2, 5-PYRAZINE DICARBOXYLIC ACID (PYRAZINE-2, 5-DICARBOXYLIC ACID) is generally used as a medical intermediate and a reagent for scientific research, the most common industrial method for producing 5-methylpyrazine-2-carboxylic ACID is potassium permanganate oxidation method at present, 2, 5-PYRAZINE DICARBOXYLIC ACID by-product is produced as waste solid in the production process, the main impurity in the by-product is 5-methylpyrazine-2-carboxylic ACID, the by-product is reasonably purified, waste materials are changed into valuable materials, waste solid can be reduced, and great economic benefit can be obtained, but at present, no suitable method is available for treating the 2, 5-PYRAZINE DICARBOXYLIC ACID by-product.
Disclosure of Invention
In order to solve the problems, the invention provides a method for purifying a 2, 5-pyrazine dicarboxylic acid by-product, which separates a 5-methylpyrazine-2-carboxylic acid product by utilizing the difference of solubility in hot water within a specific pH range and obtains a high-purity 2, 5-pyrazine dicarboxylic acid, thereby solving the problem that the 2, 5-pyrazine dicarboxylic acid by-product is only used as waste solid in the prior art.

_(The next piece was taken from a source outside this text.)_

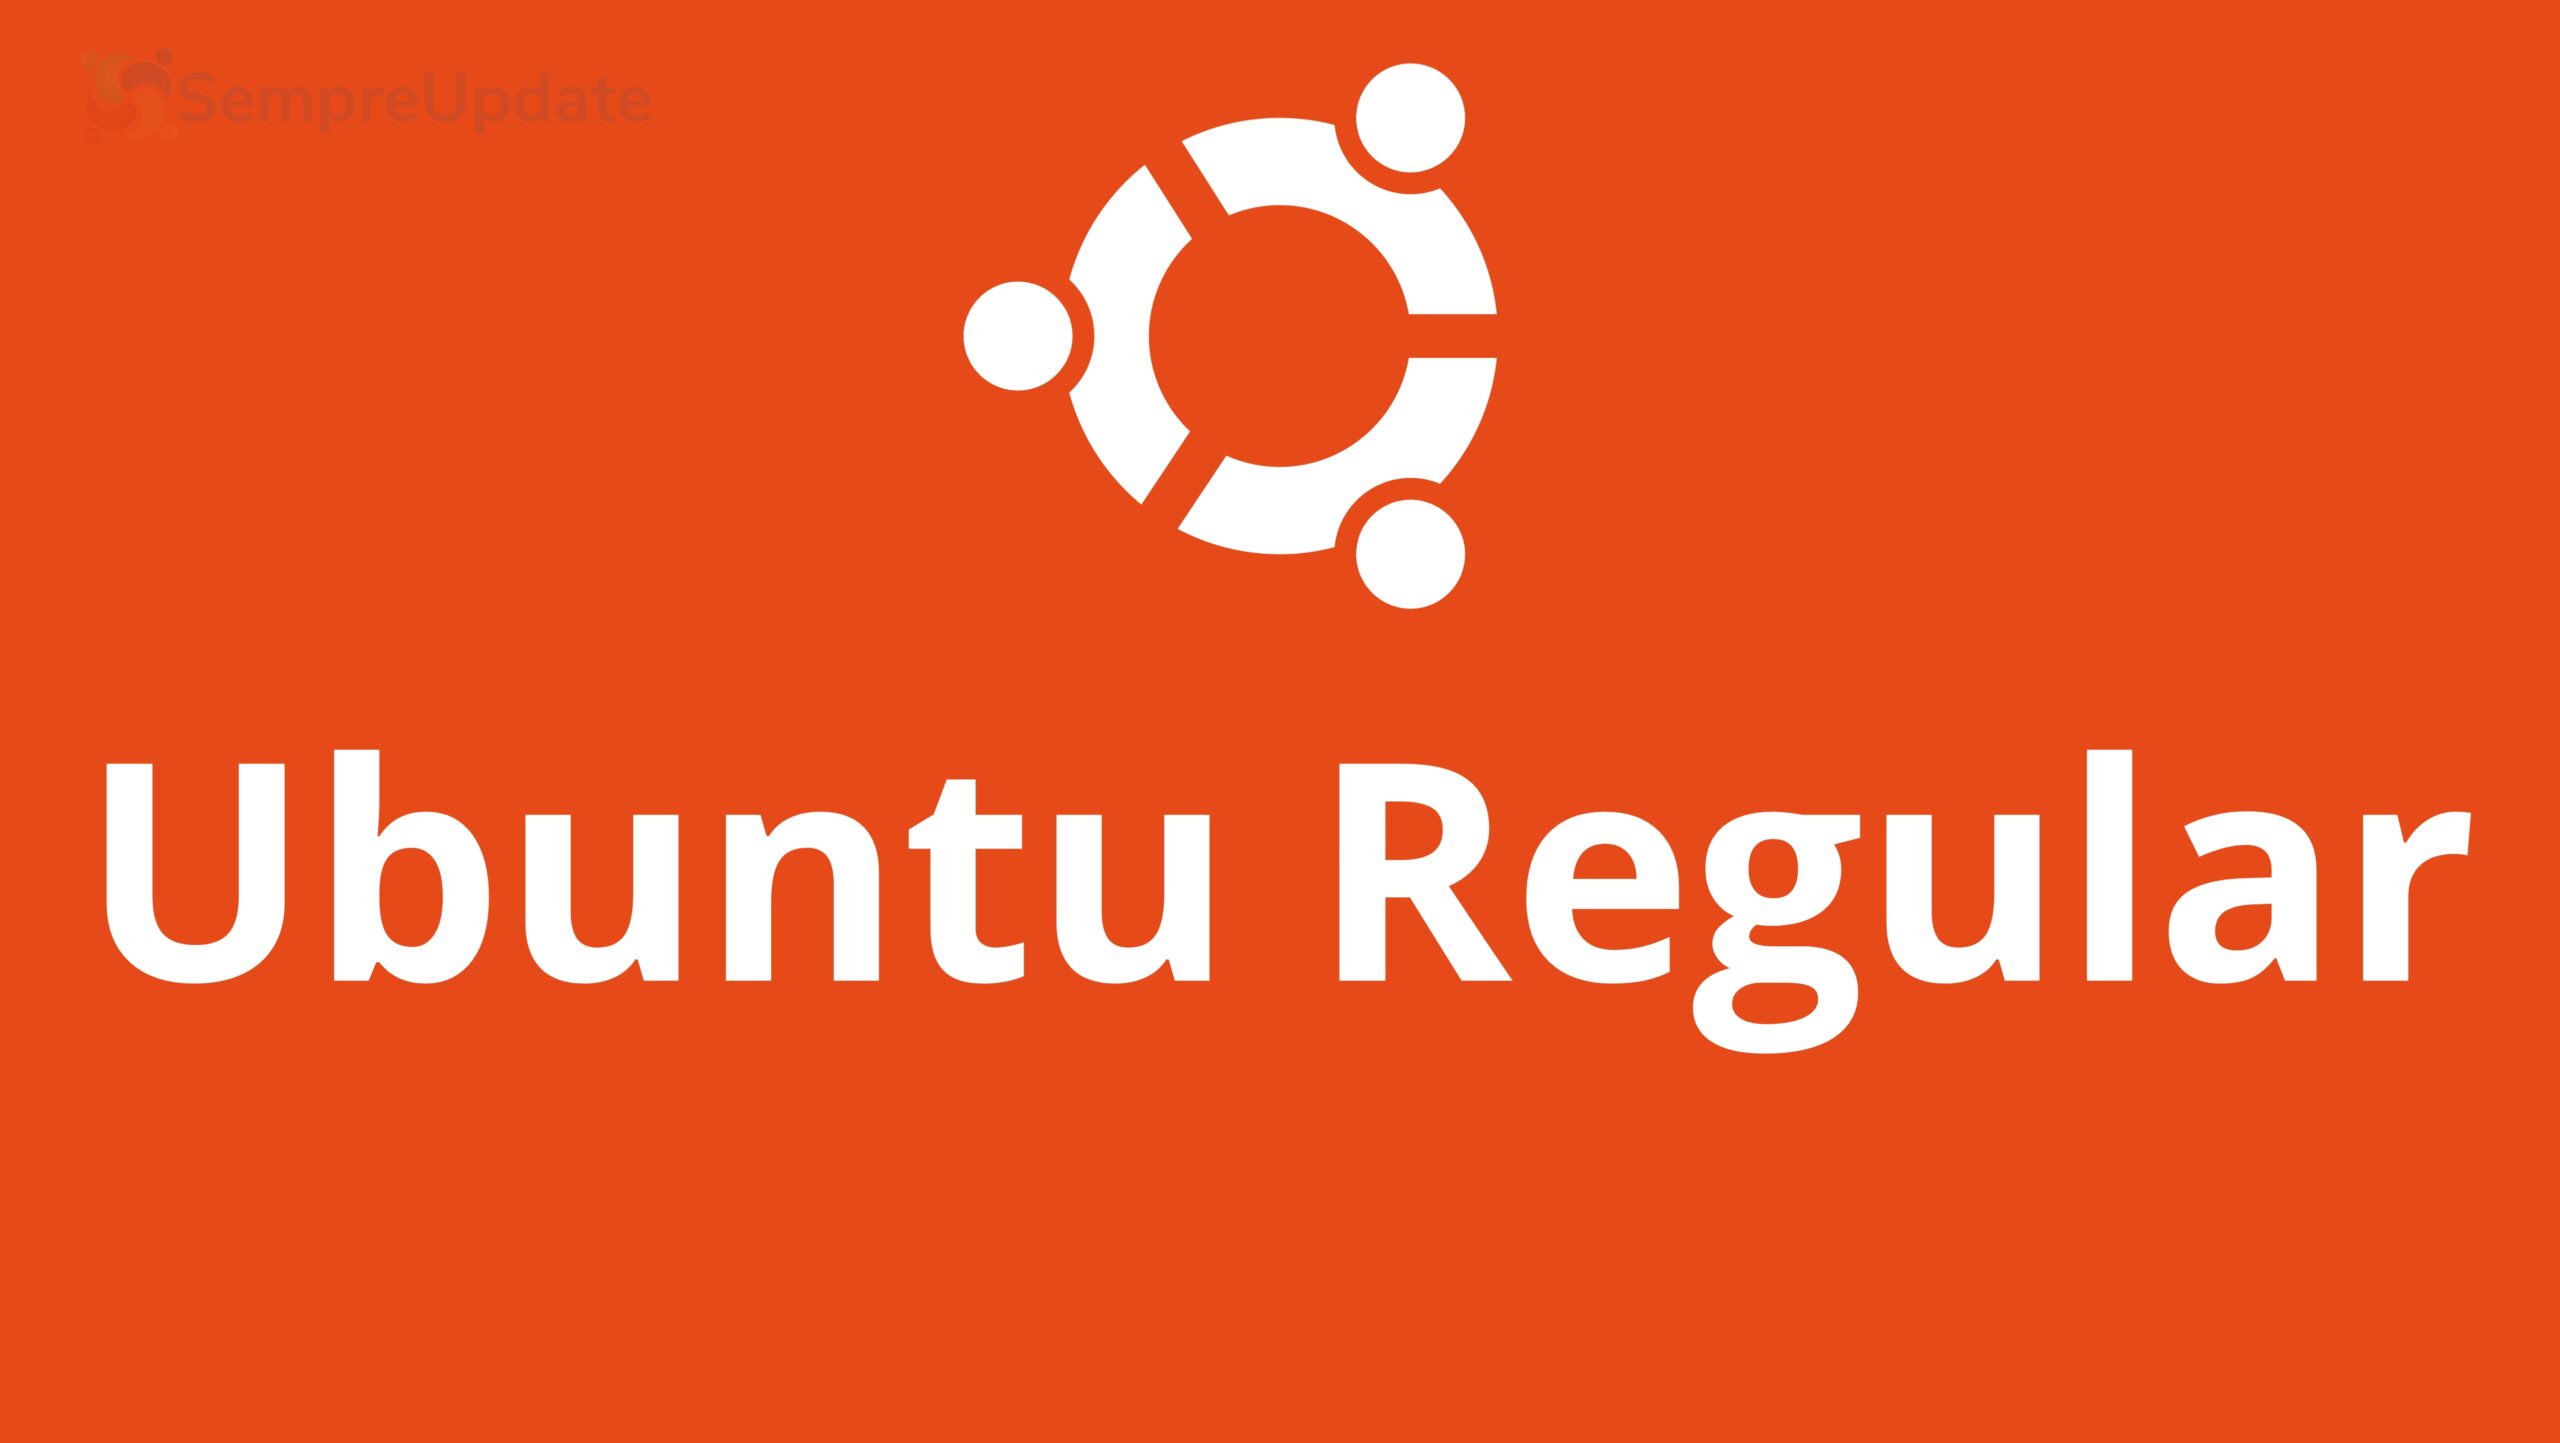 Ubuntu Regular, conheça todas as versões não LTS do Ubuntu!

In order to achieve the purpose, the invention adopts the following technical scheme:
in a first aspect of the present invention, there is provided a process for purifying 2, 5-pyrazine dicarboxylic acid by-product comprising:
mixing the wet 2, 5-pyrazine dicarboxylic acid byproduct with water, heating, and adding alkali to completely dissolve to obtain a solution;
concentrating the dissolved solution under reduced pressure, cooling to 30-50 ℃, adding salt, adjusting the pH =2.5-4.5, preserving heat, standing for crystallization, and performing heat filtration to obtain a filter cake;
and (3) carrying out acid washing on the filter cake, and drying to obtain the filter cake.
In a second aspect of the present invention, there is provided a high purity 2, 5-pyrazinedicarboxylic acid prepared by the above method, wherein the content of the main peak in liquid phase detection is greater than 99.2%, the total yield of two refining steps is greater than 85.45%, and the method has a high purity and a high yield, and can be widely applied in the pharmaceutical field.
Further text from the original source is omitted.